World Reformation Activities of the Dark God Arc 03 Chapter 86


Chapter 86: Ke Negara yang Hidup

Dan seperti ini, kami selesai melakukan apa yang harus kami lakukan di Underworld Country.

Sekarang setelah selesai, aku merasa semuanya menari di telapak tangan Yorishiro, tapi yah, jika itu berhasil menjernihkan hatinya yang mendung, itu baik-baik saja.

Selanjutnya adalah bagaimana kita akan kembali dari bawah tanah ini yang memiliki tangga hancur dengan pertarungan melawan bayangan.

Tapi sepertinya itu tidak akan menjadi masalah sama sekali.

Karena kita dapat terbang dengan menggunakan Dark Matter yang kukendalikan, mudah untuk kembali ke pintu masuk sambil membawa Karen-san, Yorishiro, dan anggota baru, Doraha.

Itulah sebabnya, saat ini, kami sedang menyesal harus meninggalkan reruntuhan bersejarah ini.

Sekarang aku melihatnya lagi, ini adalah tempat yang sangat indah.

Kota kuno yang berdiri diam dalam kegelapan. Tidak ada suara, hanya diam.

Apakah mati atau hanya tidur? Bisa dikatakan itu pemandangan mistis.

"Cantik..." (Karen)

Karen-san juga memiliki kesan yang sama.

Saat ini Karen-san dan aku sendirian, dan kami sedang melihat Underworld Country dari lokasi yang sedikit lebih tinggi.

Yorishiro tetap mengawasi Doraha, tapi sepertinya itu karena dia mempertimbangkan Karen-san.

Dalam perjalanan ini, belum ada satu waktu di mana Karen-san pernah sendirian denganku.

"... Tapi yang menghancurkan tanah ini adalah... leluhur kita." (Karen)

"Ya." (Haine)

Kami juga telah memberi tahu Karen-san isi dari monumen yang ditinggalkan Doraha sebelum dia dikonsumsi oleh 'bayangan'. Seiring dengan interpretasiku sendiri tentang hal itu.

Musuh asing yang menyerang Underworld Country dikirim oleh empat Dewa Elemen Dasar. Manusia, yang diberi kekuatan oleh empat Elemen Basis untuk menghancurkan Underworld Country, kemudian menciptakan komunitas mereka sendiri, dan masing-masing gereja dibentuk.

"Lalu, Gereja Cahaya kita juga adalah—" (Karen)

'Bagian dari penghasut kehancuran ini', adalah apa yang akan dia katakan, tapi aku memotongnya.

"Aku tidak berpikir begitu." (Haine)

"Eh?"

Basis terbesarku  untuk ini adalah bahwa ratu Izanami dari Underworld Country adalah inkarnasi dari Dewi Cahaya Inflation.

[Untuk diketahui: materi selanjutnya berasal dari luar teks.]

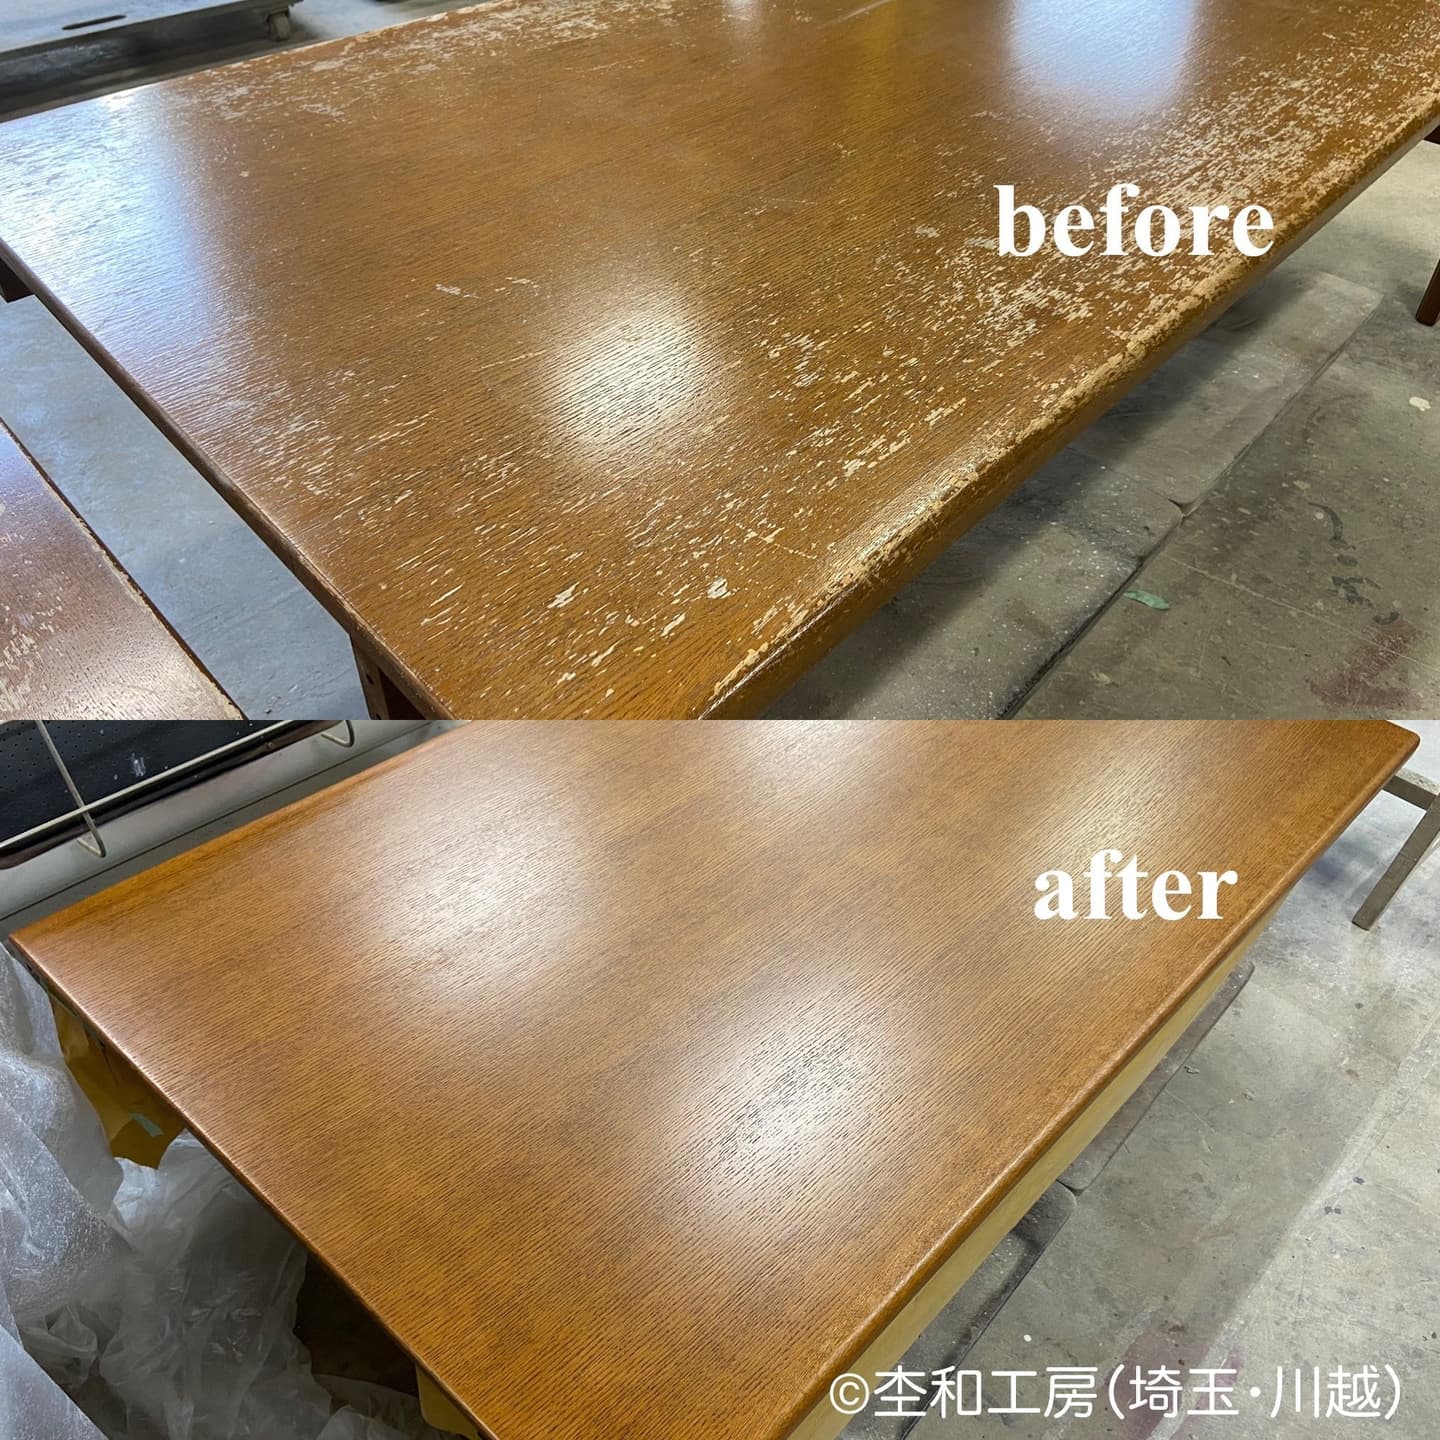 再塗装したイーセンアーレンのテーブル

Dia tidak terlalu gila untuk memerintahkan negaranya sendiri dihancurkan.

Tapi tidak mungkin aku bisa membuktikan dasar milikku ini pada Karen-san, jadi aku harus mengeluarkan penjelasan yang berbeda.

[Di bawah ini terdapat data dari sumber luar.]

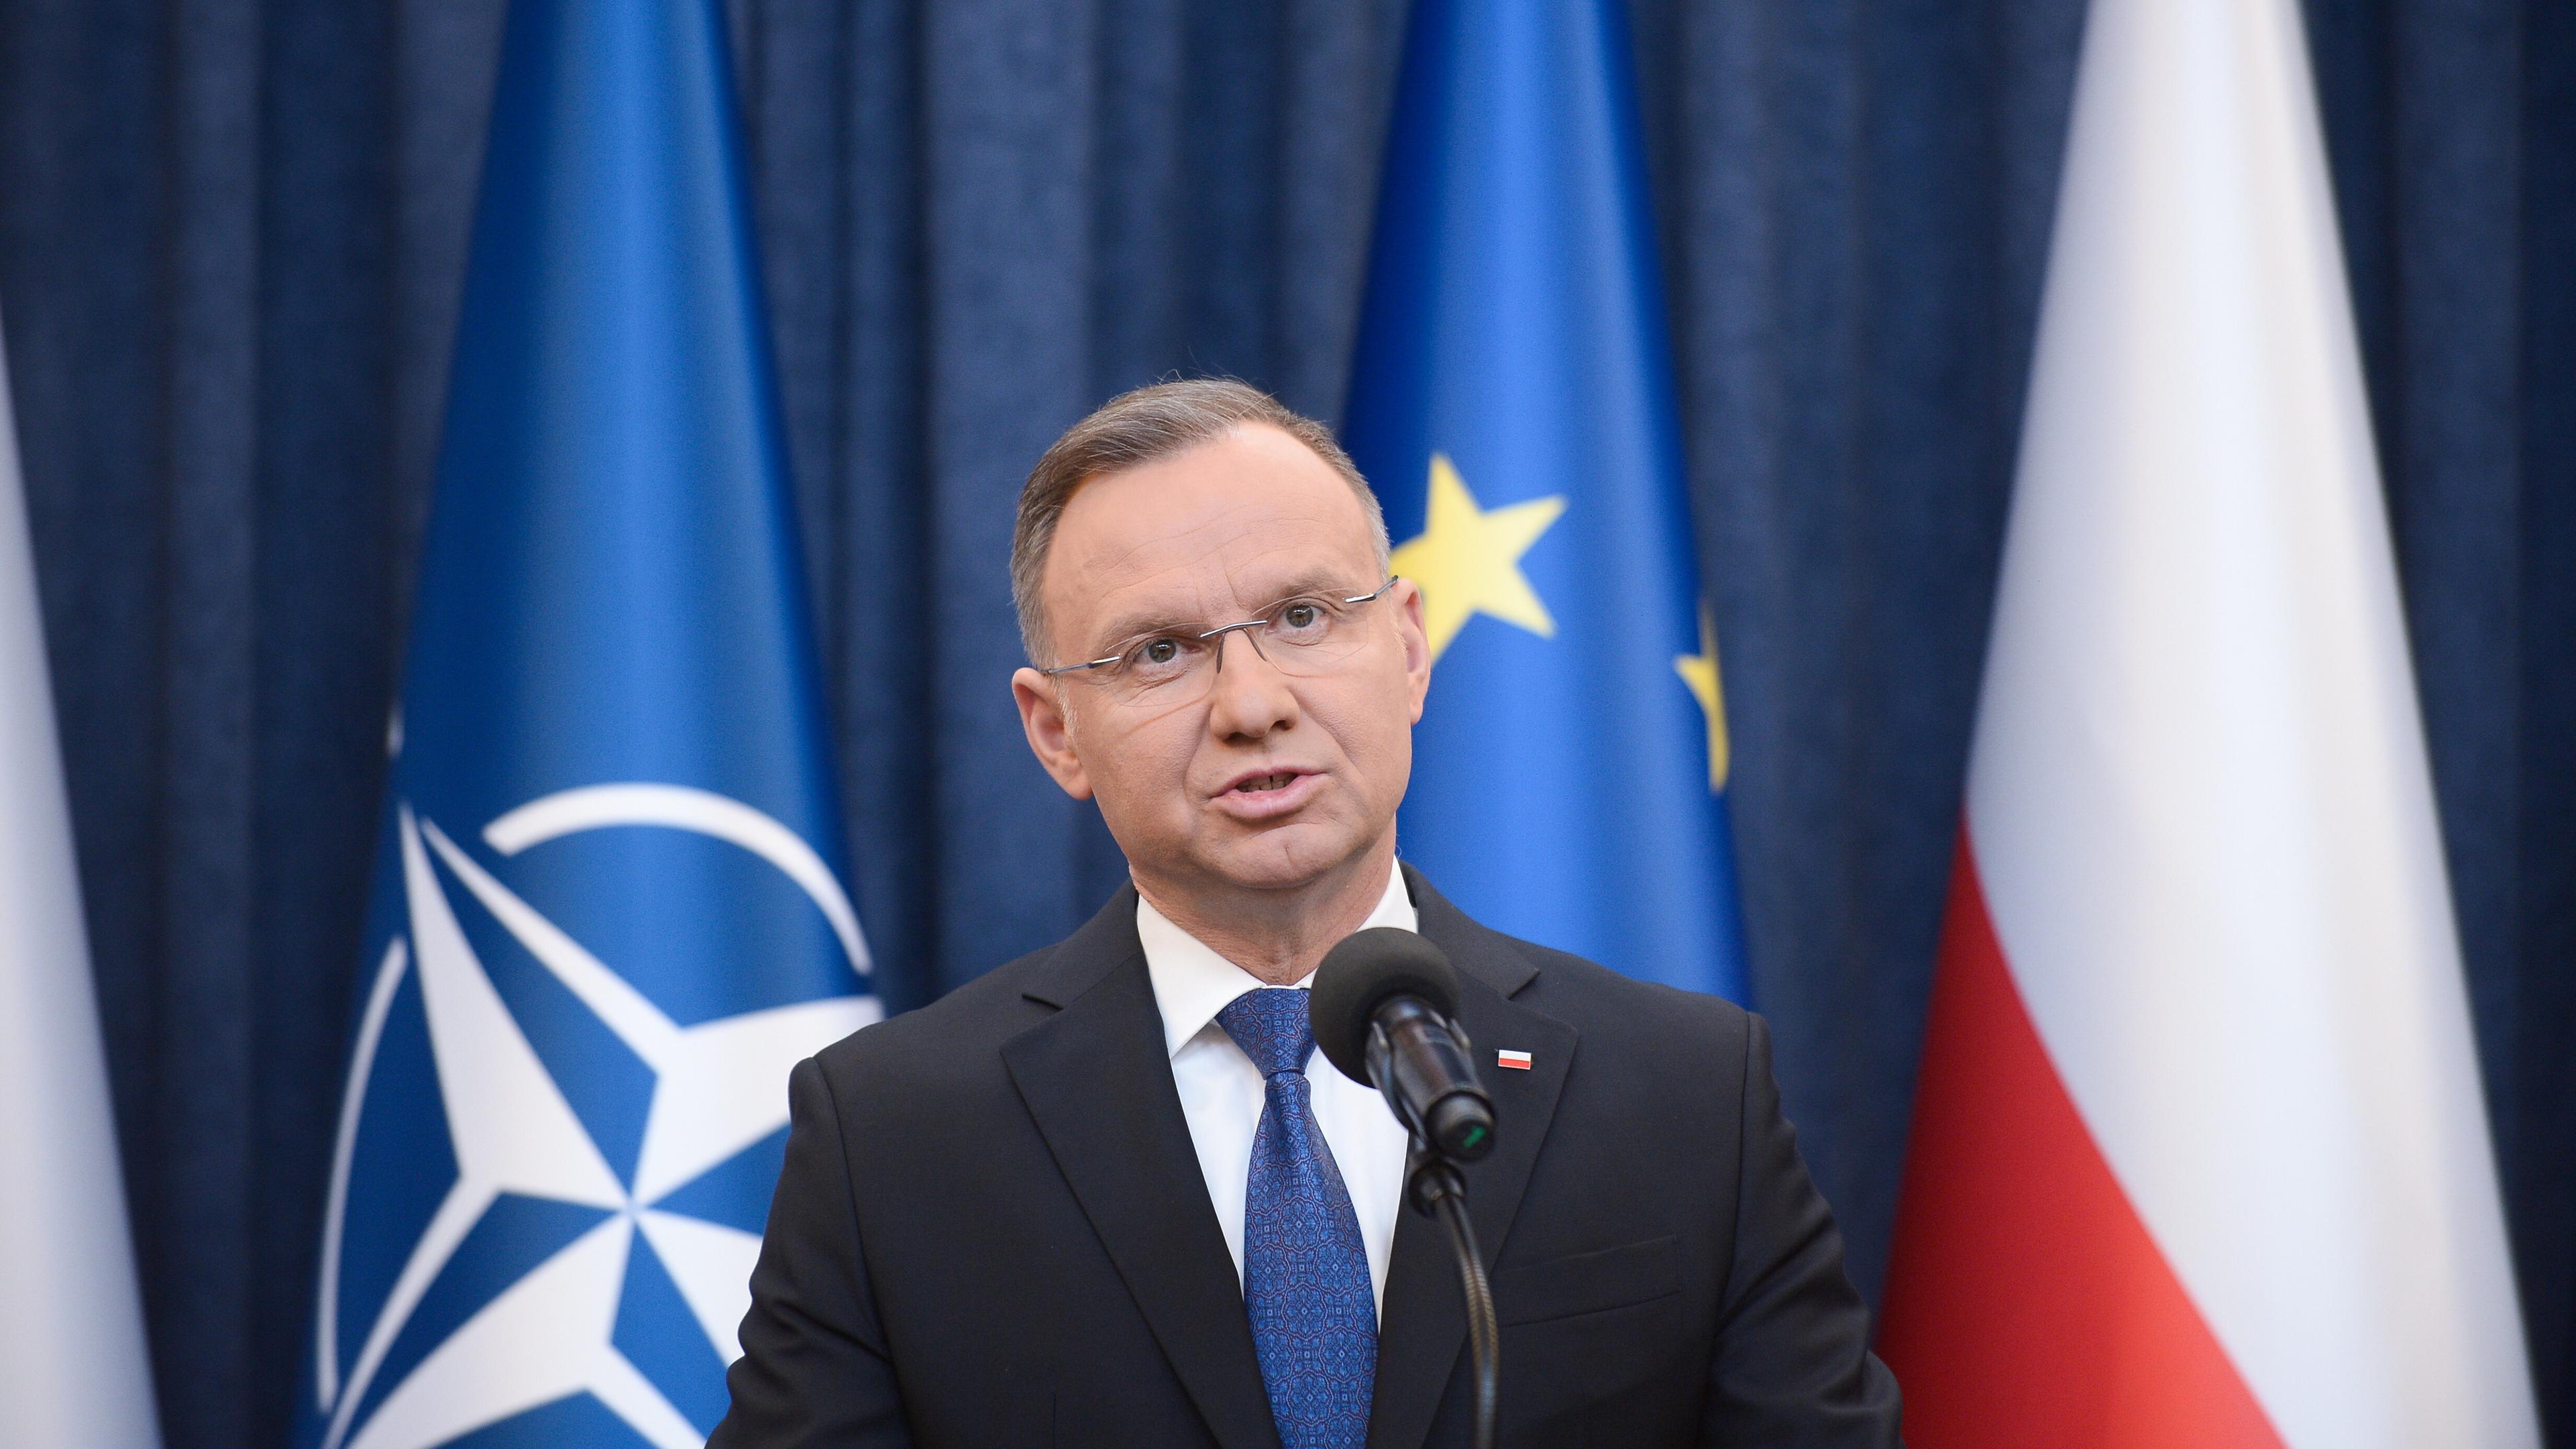 Polen, Warschau: Andrzej Duda, Präsident von Polen, spricht während einer Presseerklärung im Präsidentenpalast.

"... Uhm, kau tahu, di monumen yang ditinggalkan Doraha, empat bencana alam ditulis di sana." (Haine)

Belalang, wabah, hujan asam, dan penggurunan.

“Masing-masing masing-masing terhubung ke angin, air, api, dan bumi; tidak ada bencana yang berhubungan dengan cahaya. Bukankah itu bukti gereja cahaya tidak terkait dengan penghancuran Underworld Country?”(Haine)

"Bukankah itu agak sulit untuk dibuktikan?" (Karen)

"Dan ada satu hal lagi. Ketika Doraha menjadi gila dan menjadi bayang-bayang, penjajah pasti sangat ketakutan, bukan begitu? Mereka menghadapi perlawanan yang tak terduga. Tidakkah menurutmu cukup banyak orang di Underworld Country bisa melarikan diri dalam kebuntuan itu?”(Haine)

"Ah..." (Karen)

"Dan orang-orang yang berhasil melarikan diri dengan aman berkumpul bersama, dan apa yang diciptakan adalah..." (Haine)

"Gereja Cahaya... itulah apa yang ingin kamu katakan?" (Karen)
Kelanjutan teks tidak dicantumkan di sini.